The expectation with Wallaroo is that most applications will be stateful. Understanding how Wallaroo handles state is key to being able to design effective Wallaroo applications. In this section, we’re going to take you through how state works in Wallaroo and what advantages this brings.
Transactions in Wallaroo
Transactions are awesome. Using a data management system that features transactions makes our lives as programmers much easier. Transactions provide certain guarantees about how data will be updated that make it easier to reason about our code, easier to understand what our code will do. This is particularly true when we are talking about concurrent operations.
It’s often quite easy to understand what our code is doing if we only have a single thread. Everything will happen in a nice linear, serial fashion. Sadly, the world in which our code runs isn’t serial, it’s concurrent. Many different operations happening at one time. Transactions, in part, allow us to think about how our code is updating data as though the updates were happening one at a time, that is in a serial fashion.
Wallaroo doesn’t have transactions in the traditional database sense. However, we do have a means of providing similar guarantees. Wallaroo allows you to atomically update individual bits of state. To understand how that works and the guarantees that Wallaroo provides, let’s dig into how Wallaroo handles that.
Wallaroo and State
The simplest thing we could do to make it easy to reason about state is to lock all the state in your application. Only allowing a single update or read at a time. It would make Wallaroo applications very easy to reason about. It would also make them incredibly slow.

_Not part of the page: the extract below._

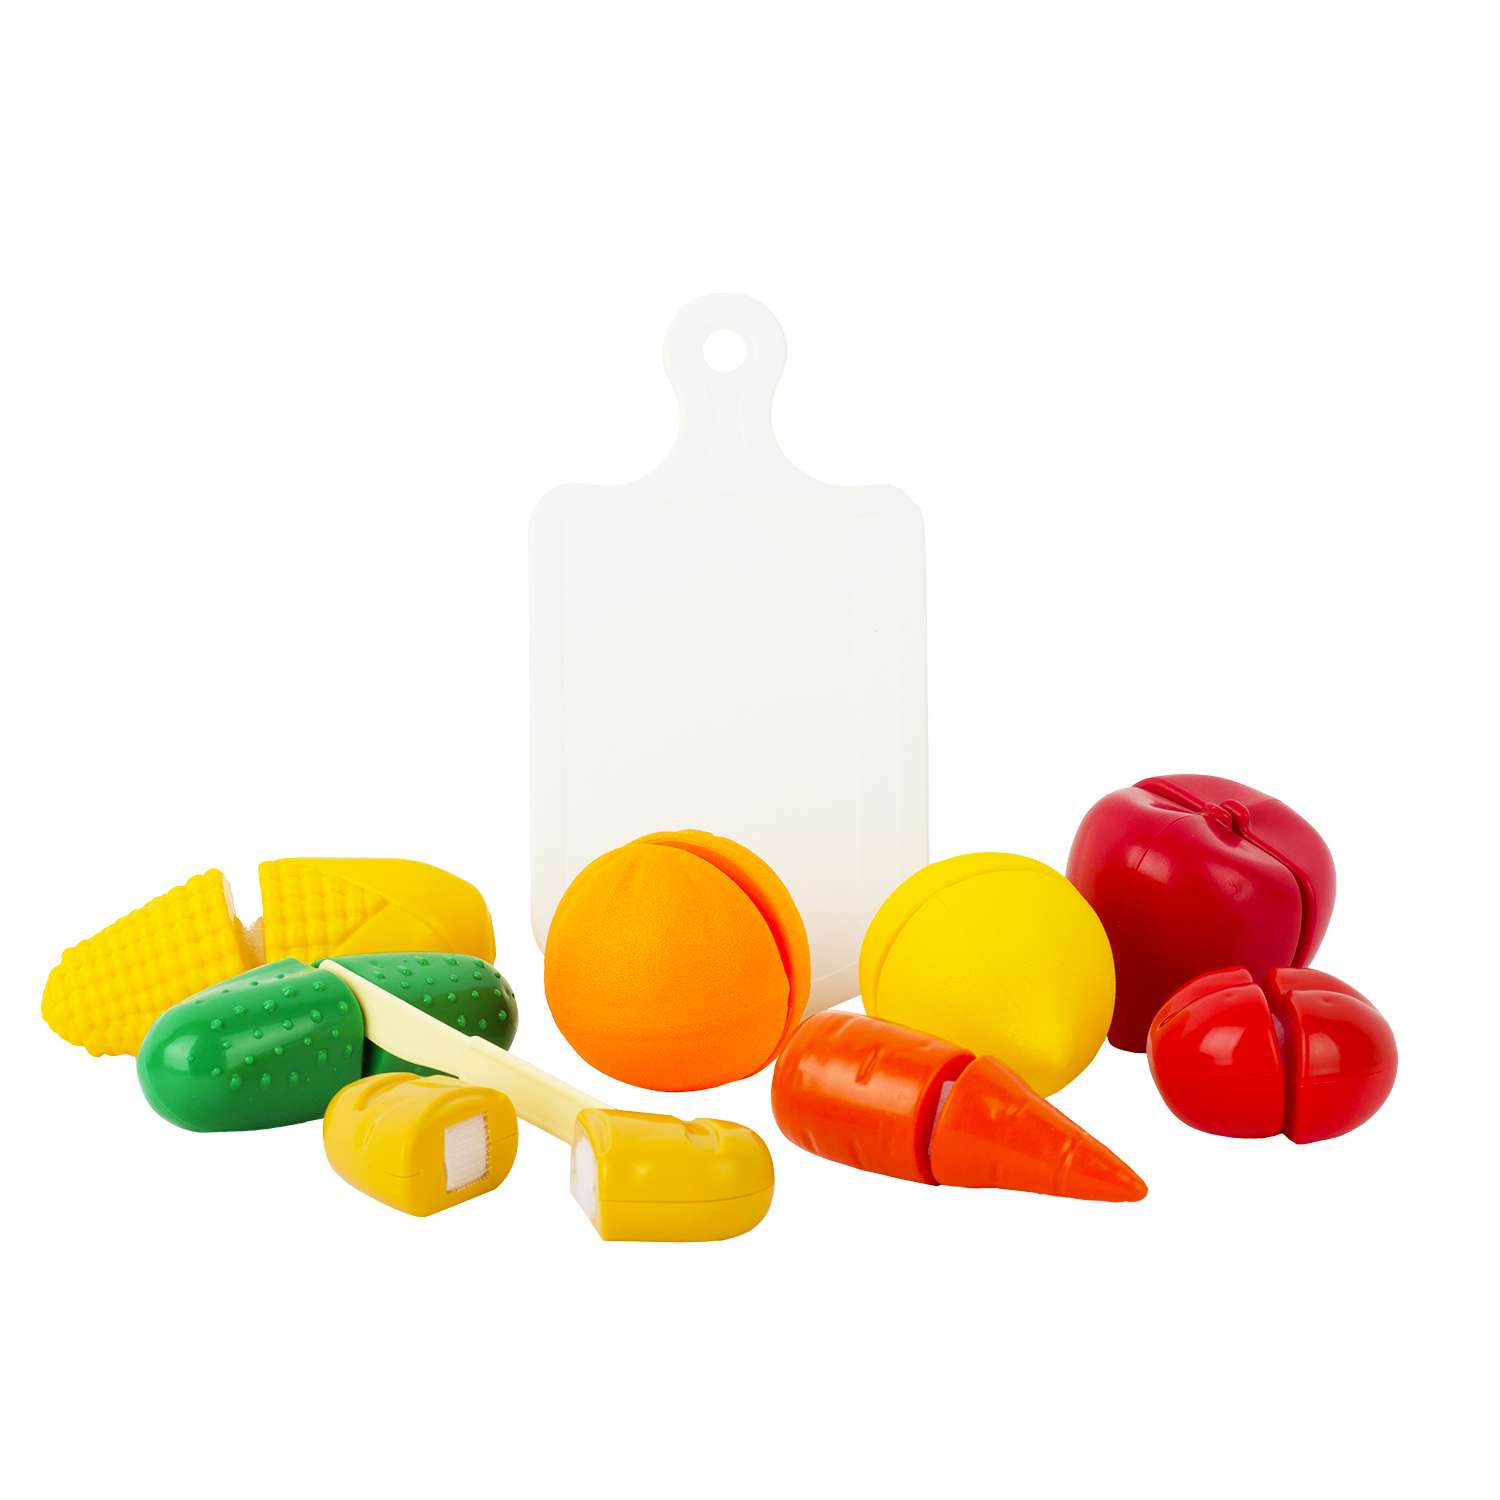 Игровой набор Стром Режем продукты (10 предметов) - фото 1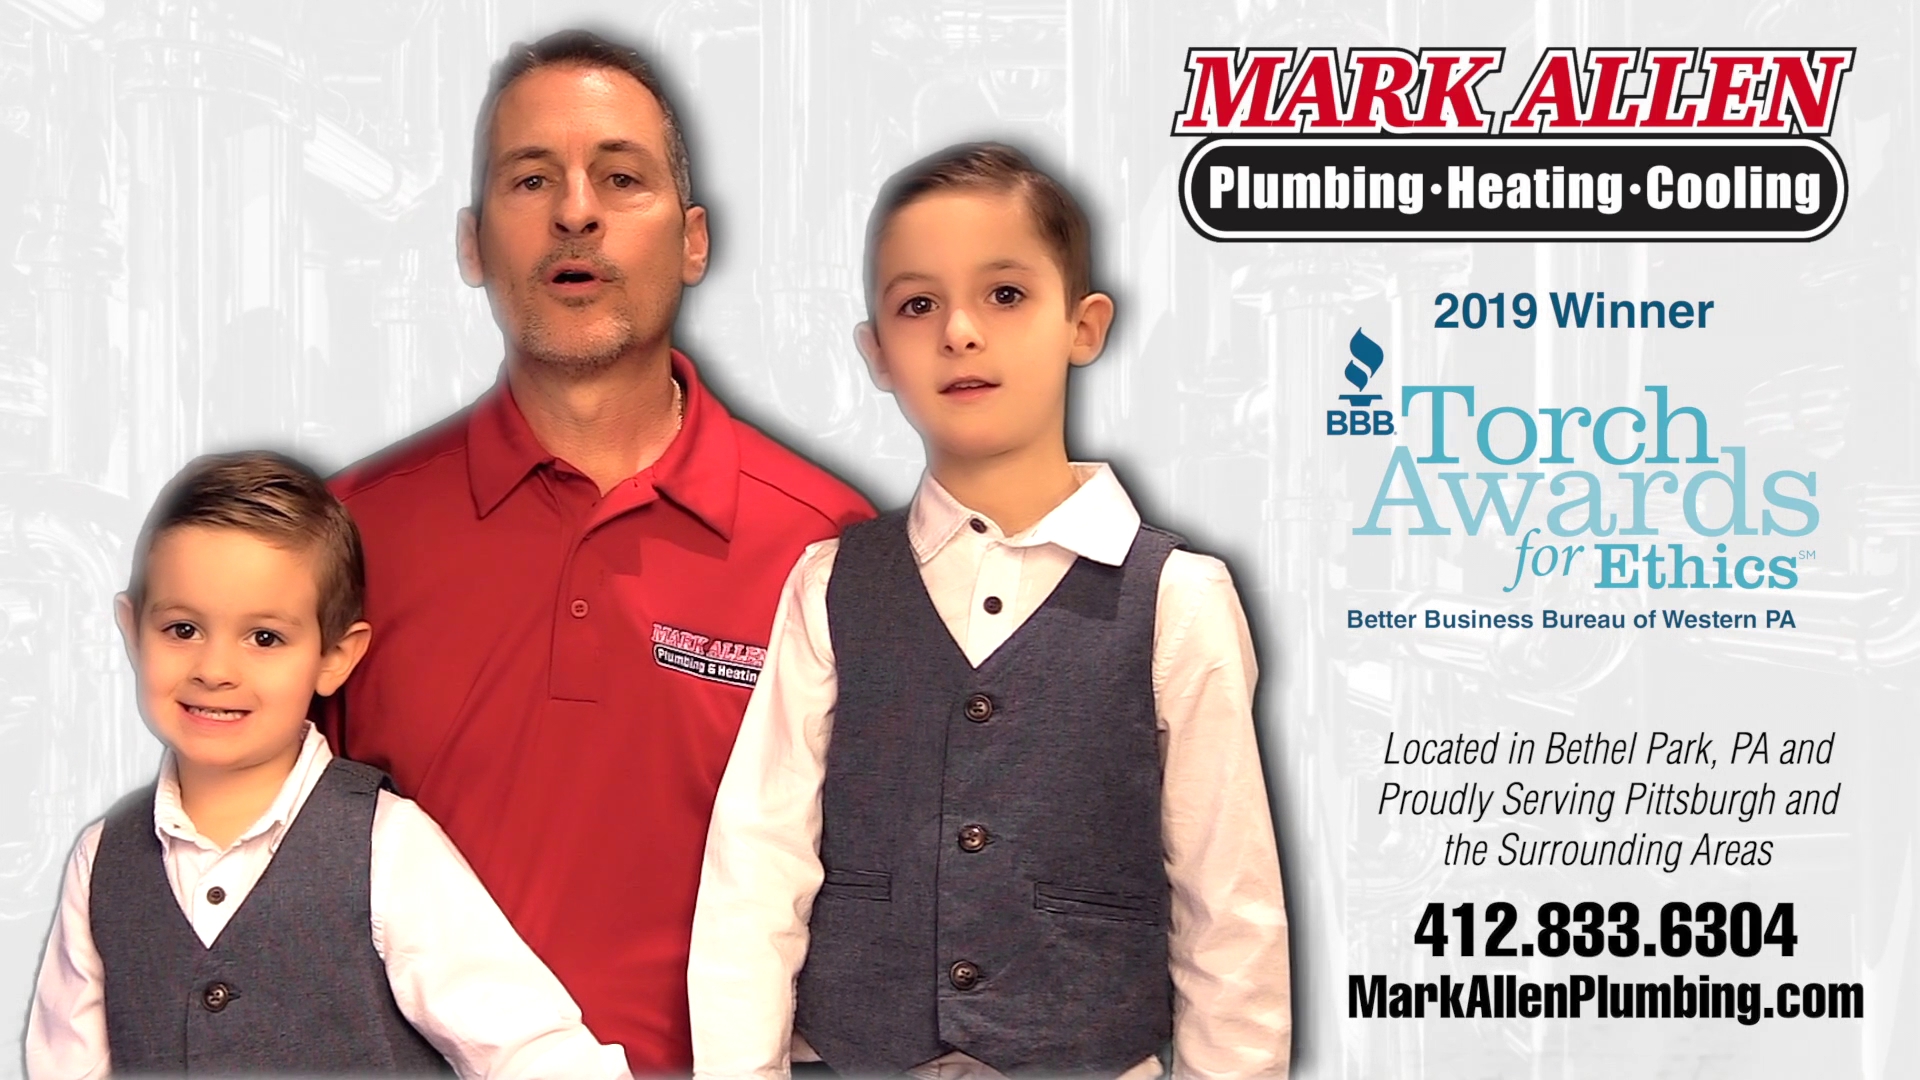 Mark Allen Plumbing, Heating & Cooling

What we’ve done instead is to allow you to break your state down into more discrete entities we call “state objects”. All reads/writes of a given state object are guaranteed to happen in a serial fashion. No more than one thread will ever access a given state object at a time.
This makes it easy to reason about state within Wallaroo. All the wonderful reasoning benefits we get from transactions apply in Wallaroo, except that rather than being across an entire database, it’s across individual state objects.
So what is a state object? Let’s explain via an example. Imagine we are writing an application that keeps track of the latest price for different stock in the stock market. Each of the stocks would become a state object. It’s the discrete unit of atomicity that we want to be able to safely update. We want to make sure only one thread at a time is updating IBM, but, we also want to go fast, so it’s ok if APPL or AMZN is being updated at the same time.
Wallaroo allows you to define your own state objects that match your domain. For example, our example application might define a state object as:
class Stock is State
var last_price_seen: F64 = 0.0
var highest_price_seen: F64 = 0.0
State objects can be arbitrarily complex. Our example is two fields. If your application required it, you could build a deeply nested series of objects.
Wallaroo, state, and parallelization
In our stock market example, we can read from and write to each state object independently. Our state objects are a unit of parallelization. If we have 3,000 different state objects and 3,000 CPUs then we can update all our state objects concurrently. Odds are, we are going to have more state objects than we have CPUs. Wallaroo handles all parallelization and routing of messages to state objects.
The Wallaroo API features a concept called a “key extractor function” that allows you to examine a message and return a key that will be used for partitioning state. For example, imagine a message in our stock market application is:
Our key extractor function would take a message as input and could return
IBM as output. This would, in turn, be used by Wallaroo to route the message to the correct partition.
Wallaroo gives you serialized access to state. By properly partitioning your state along transactional boundaries, you can parallelize access to independent pieces of state. Wallaroo takes care of this parallelization for you, all you have to do is give it a function that can tell it which pieces of state should be accessed for a particular message.